▶ _DATA SHOWN_:

◆ ◆ ◆ ◆

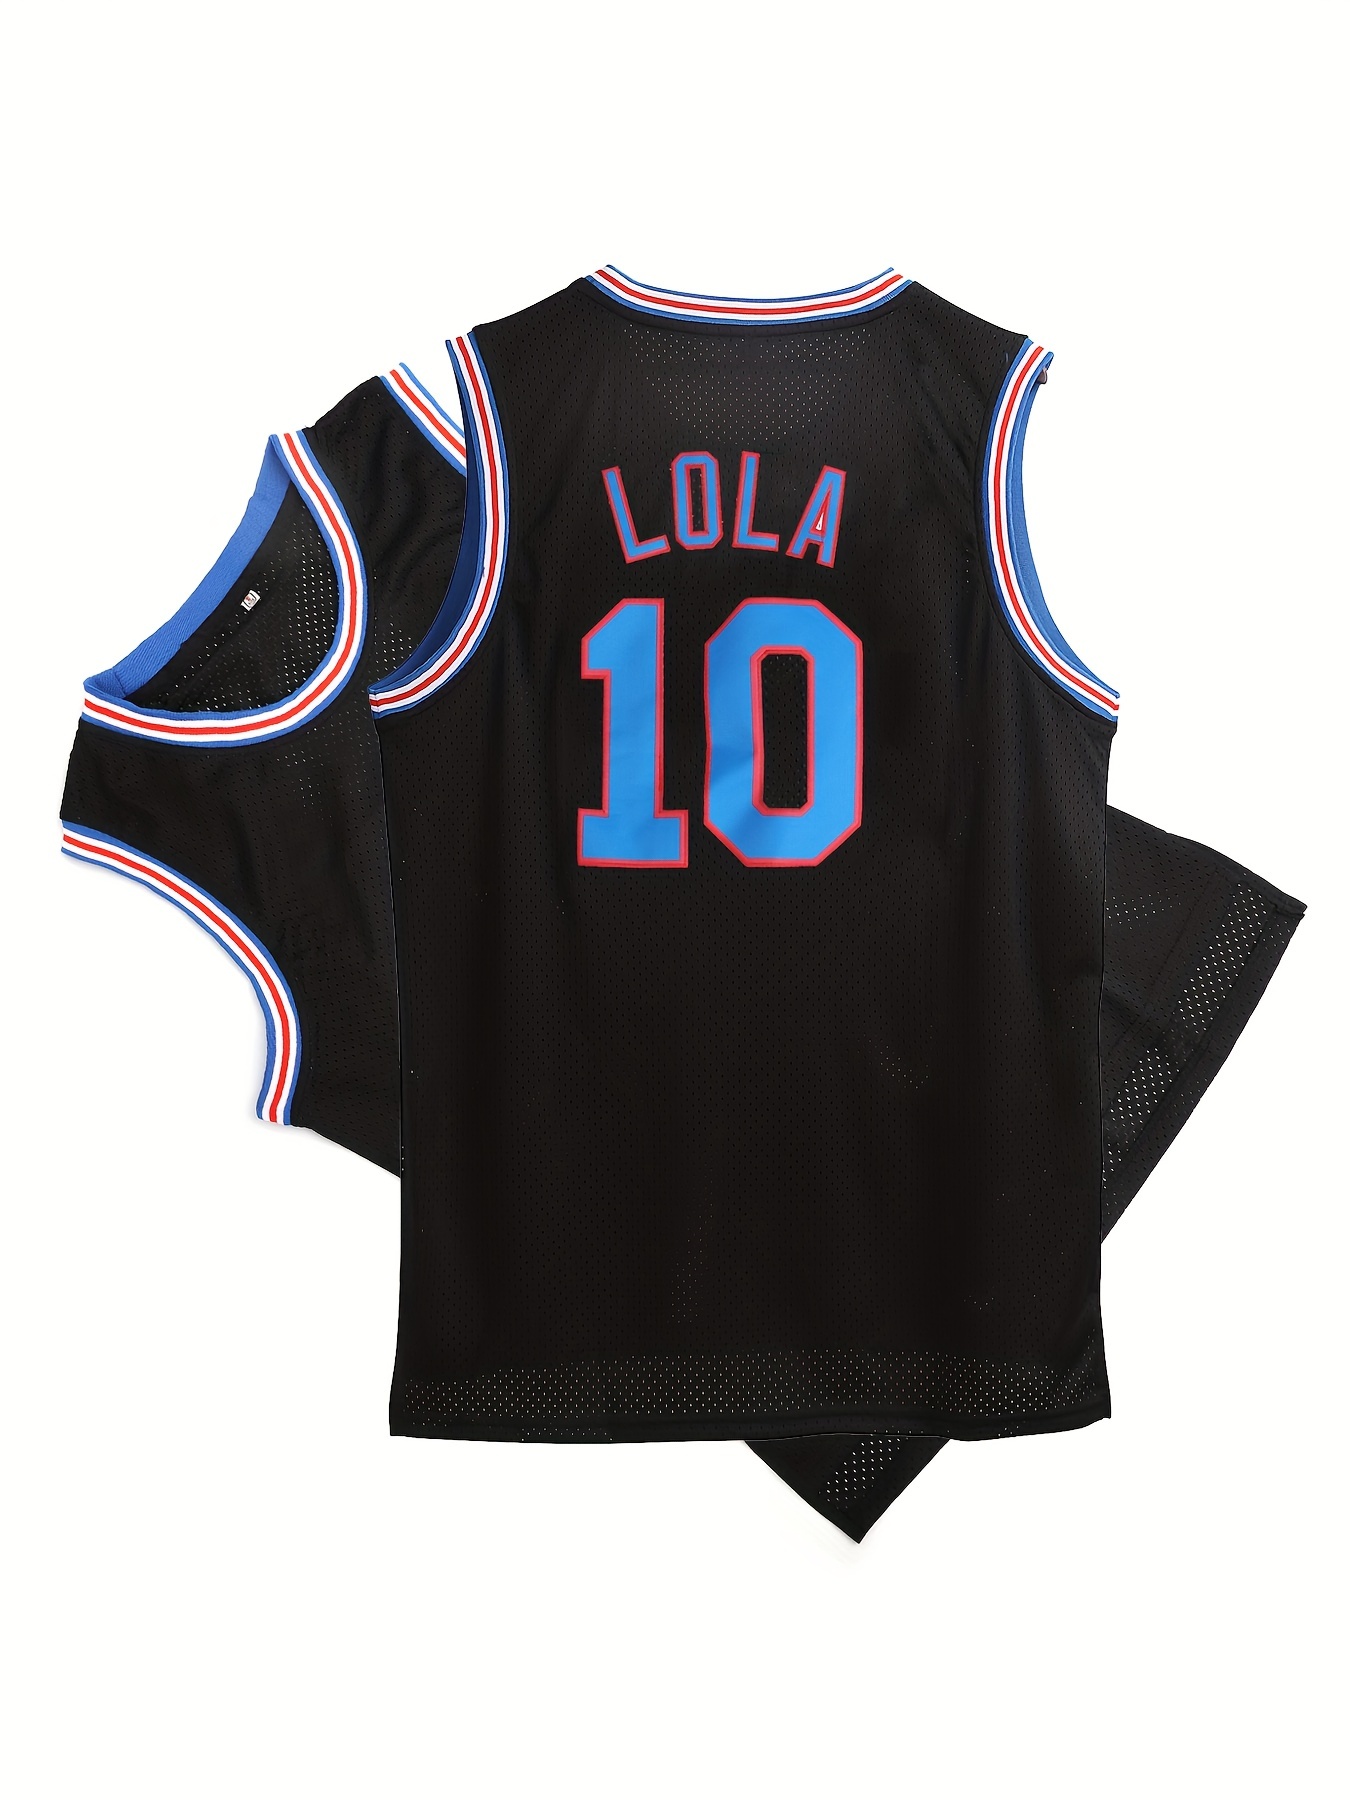  Youth Basketball Jerseys #10 Lola Space Shirts for Boys/Girls  90s Hiphop Party Clothing : Sports & Outdoors
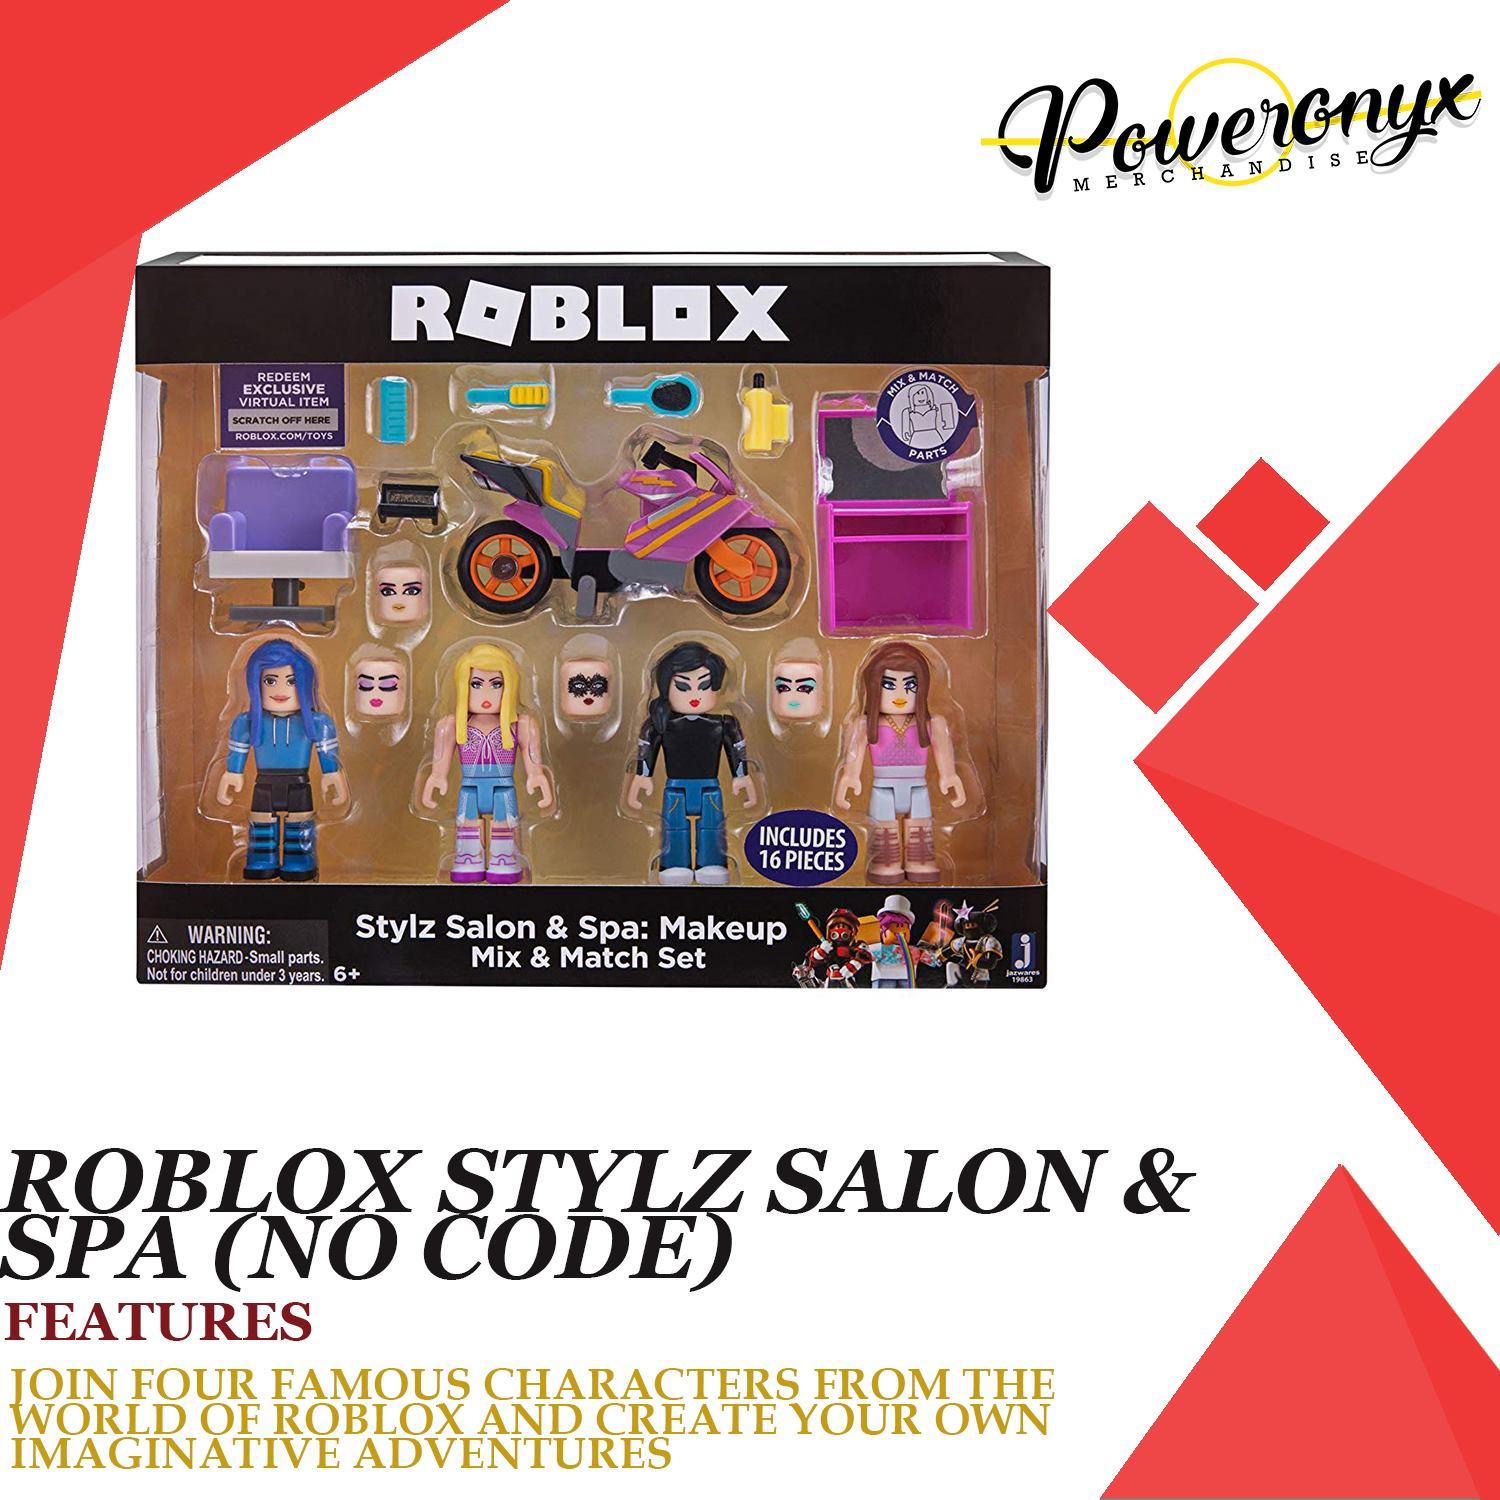 Roblox Stylz Salon Spa No Code Toys Games Toys On Carousell - roblox.com toys code
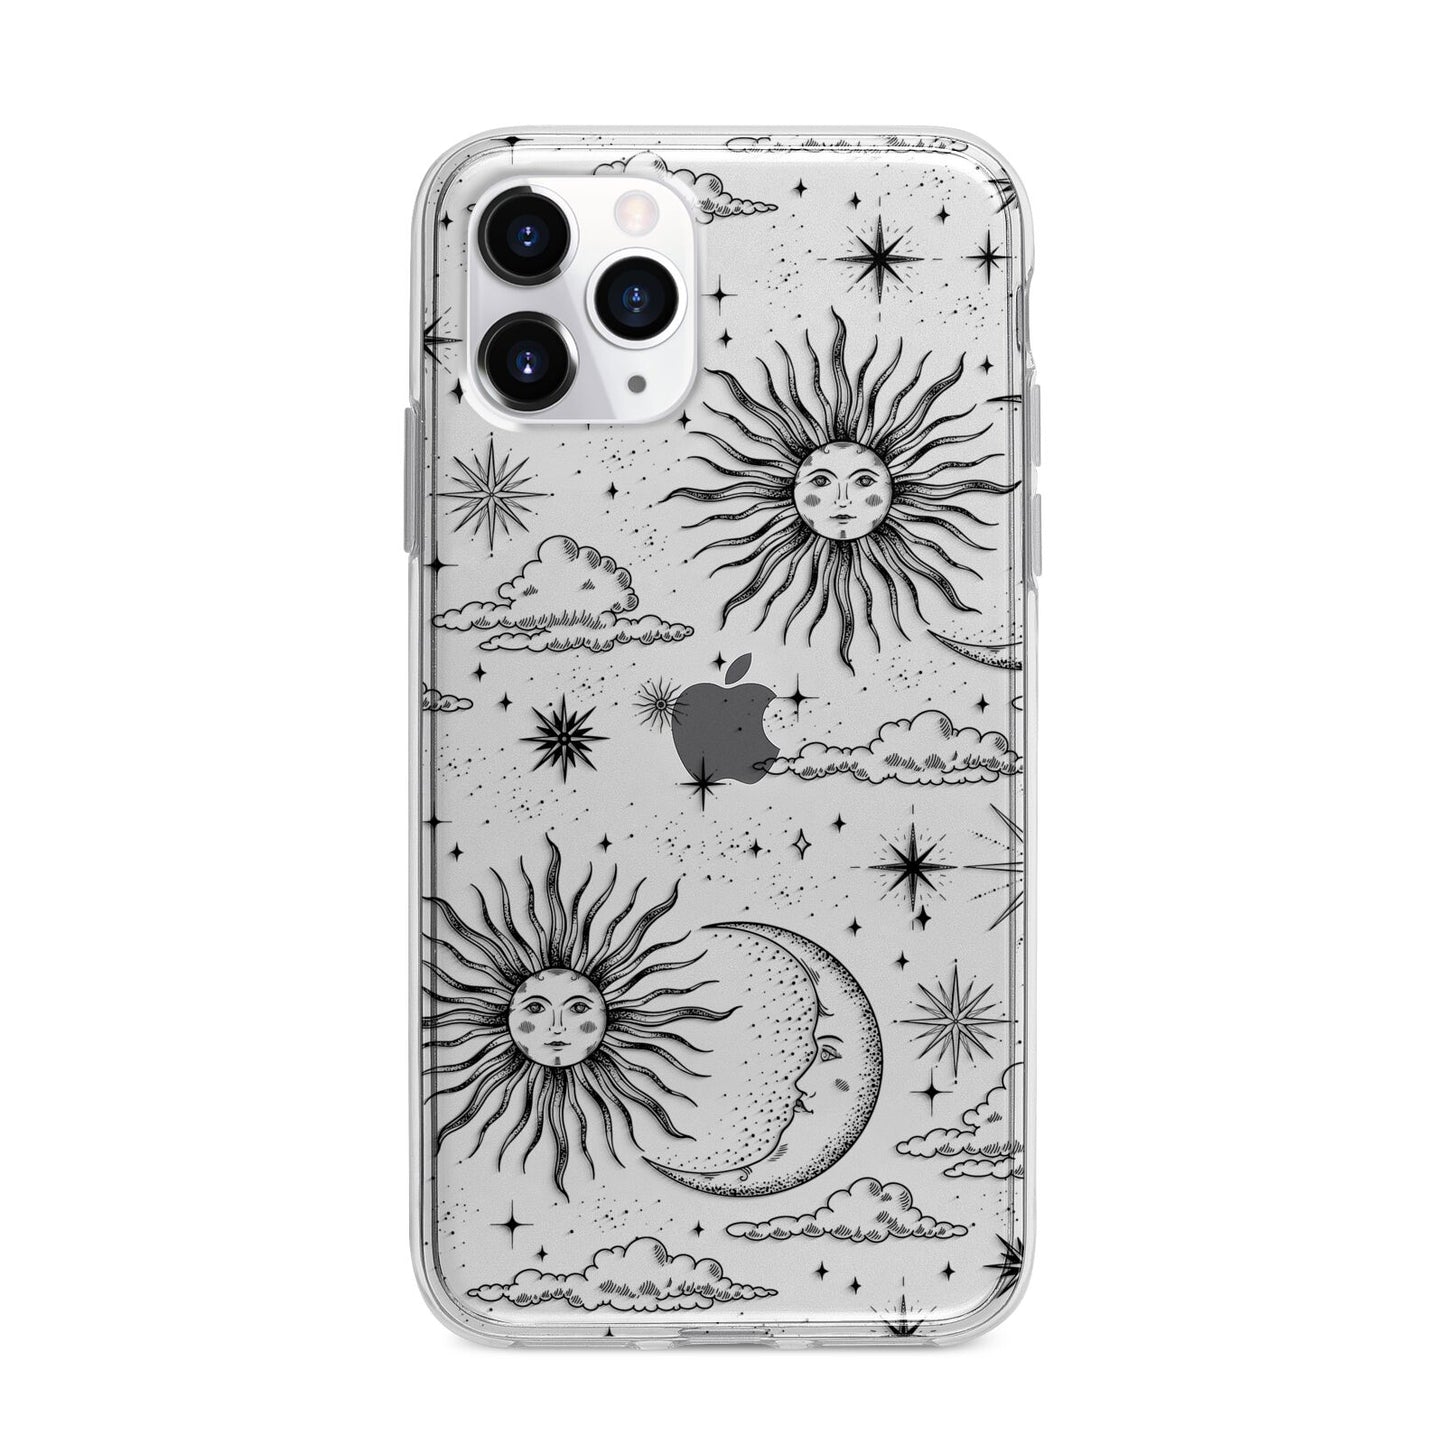 Celestial Suns Clouds Apple iPhone 11 Pro Max in Silver with Bumper Case

◆ ◆ ◆ ◆

▶ _TASK TO CARRY OUT_: Output the data above exactly; pictures do not belong in the copy.

▶ _COMPLETED EXERCISE_:
  Youth Basketball Jerseys #10 Lola Space Shirts for Boys/Girls  90s Hiphop Party Clothing : Sports & Outdoors
 Roblox Stylz Salon Spa No Code Toys Games Toys On Carousell - roblox.com toys code
 Celestial Suns Clouds Apple iPhone 11 Pro Max in Silver with Bumper Case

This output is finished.